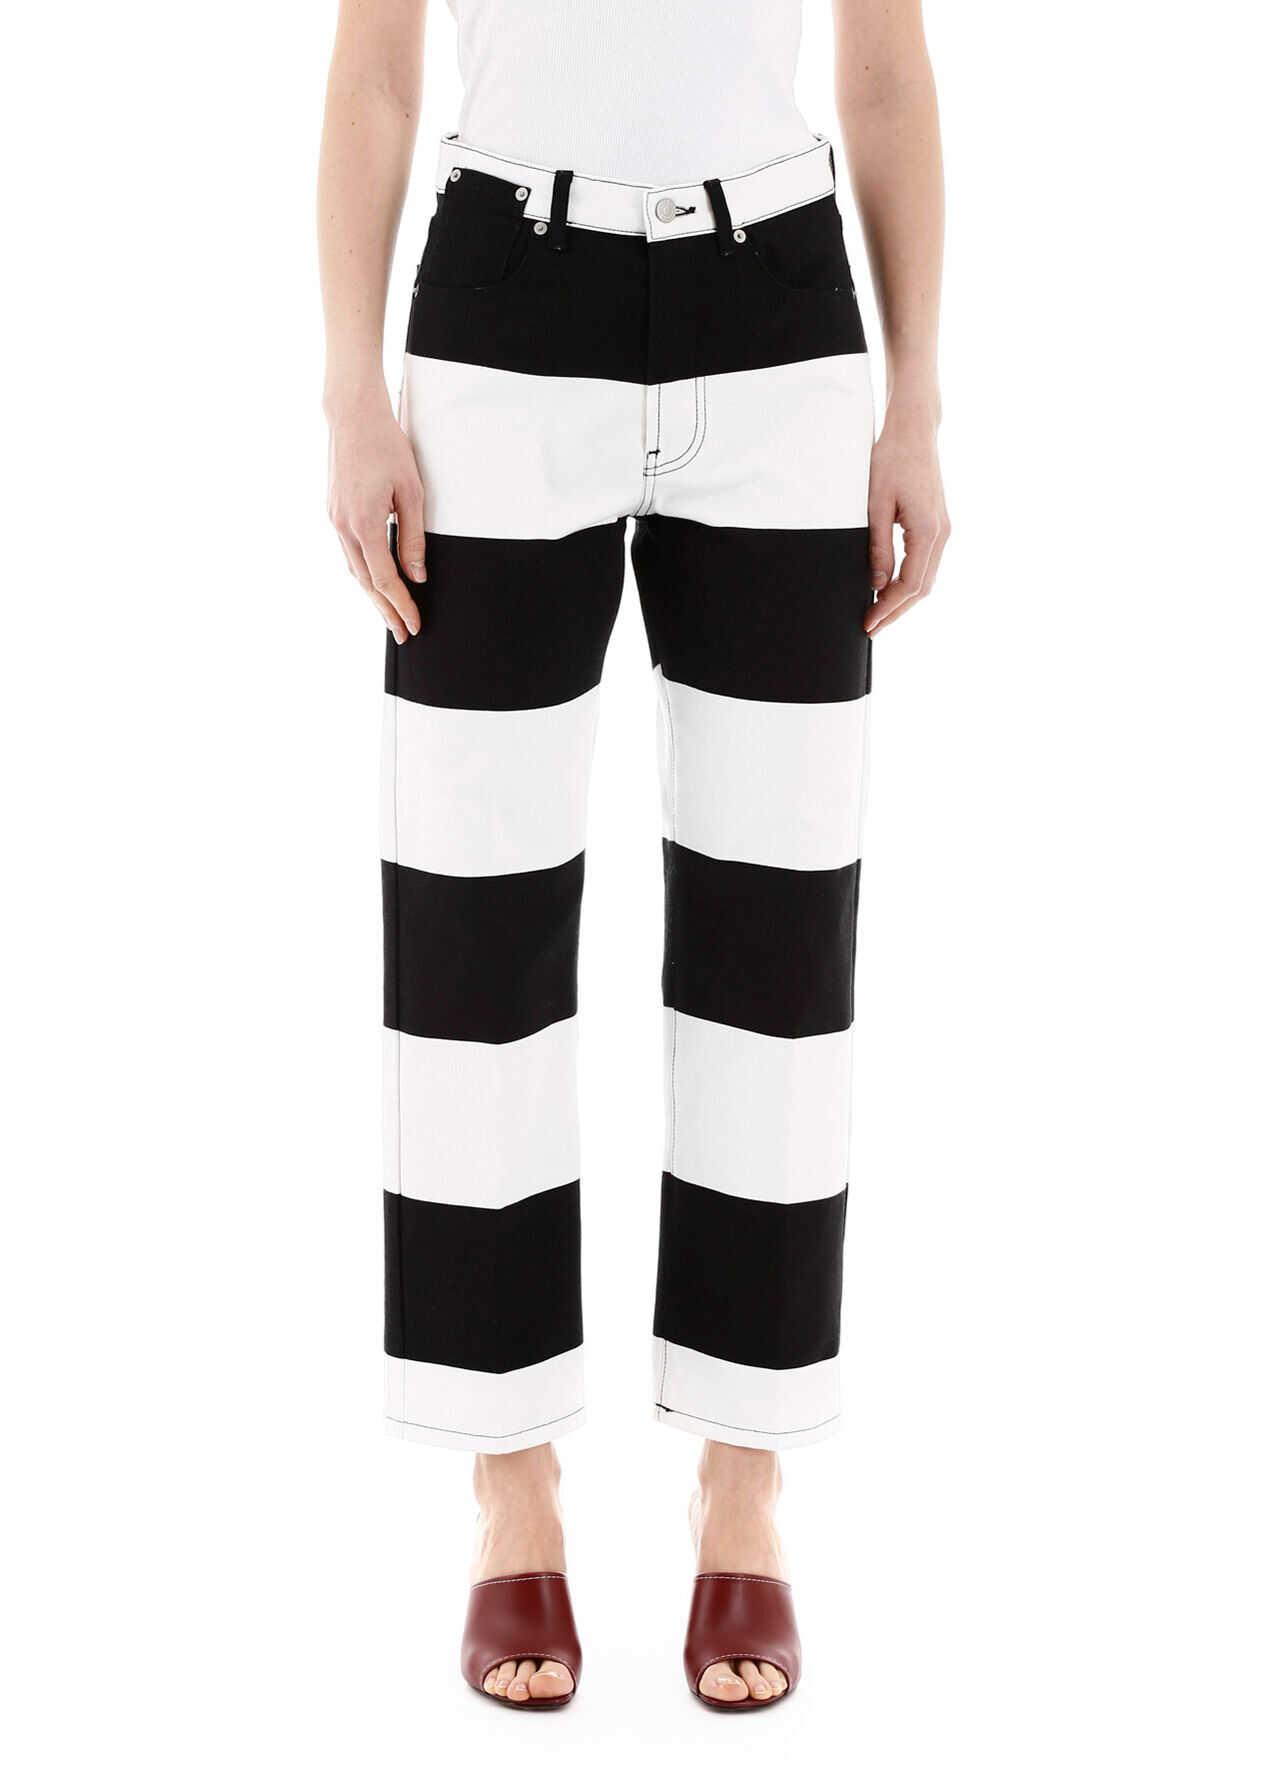 Dries Van Noten Two-Tone Jeans Maxi Stripes BLACK
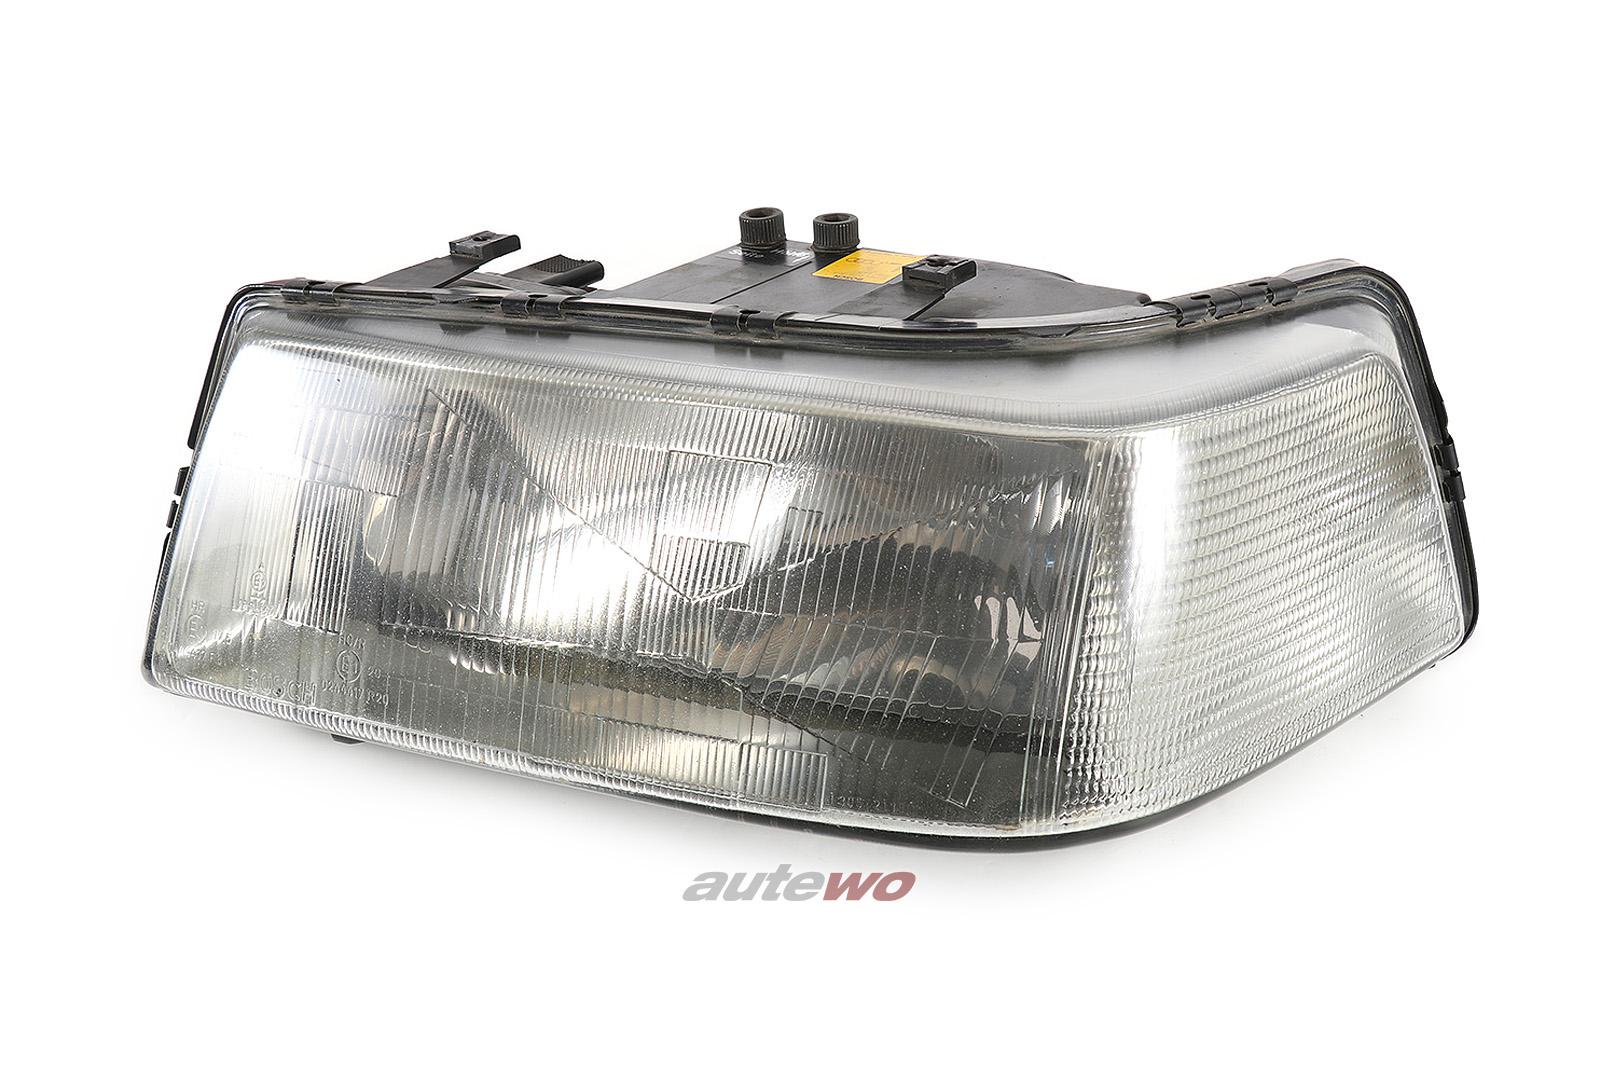 441941003B 441941029 Bosch 0301079309 Audi V8 D11 Halogenscheinwerfer Links
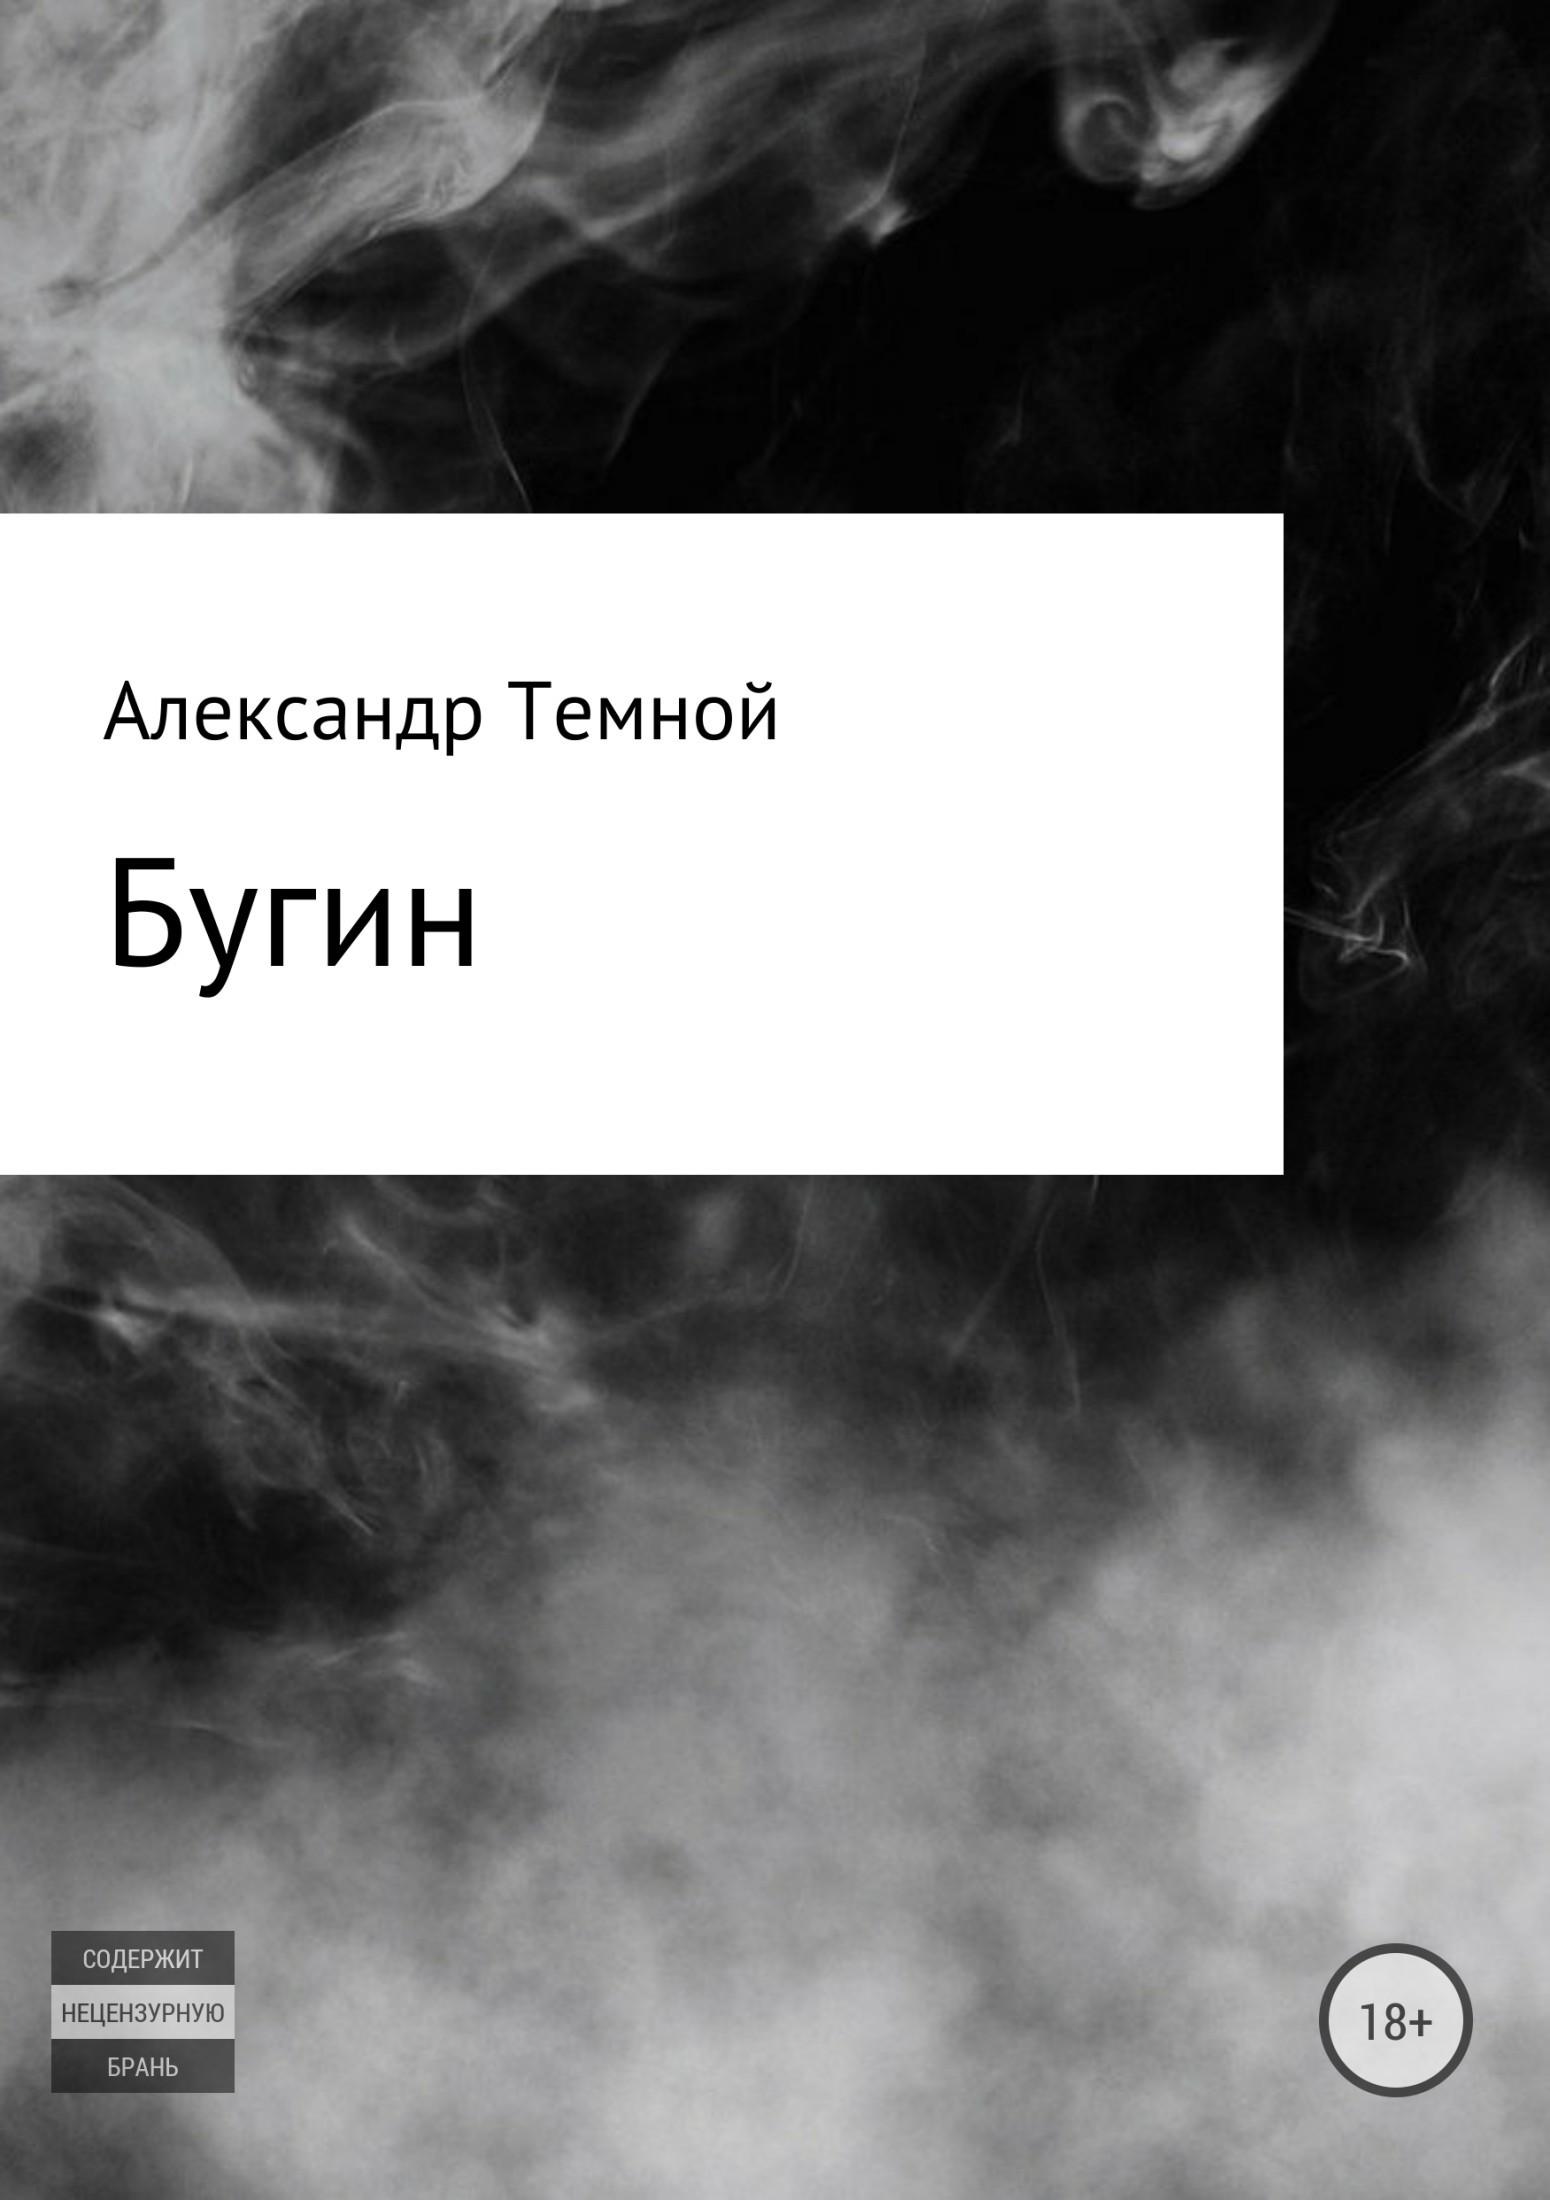 все цены на Александр Валерьевич Темной Бугин онлайн

########################################

** Brief **
The expected output is exactly the lines from the one containing "441941003B 441941029 Bosch" through the last line of the listing, both included, with every picture left out.

** Solution to this problem **
 441941003B 441941029 Bosch 0301079309 Audi V8 D11 Halogenscheinwerfer Links
 все цены на Александр Валерьевич Темной Бугин онлайн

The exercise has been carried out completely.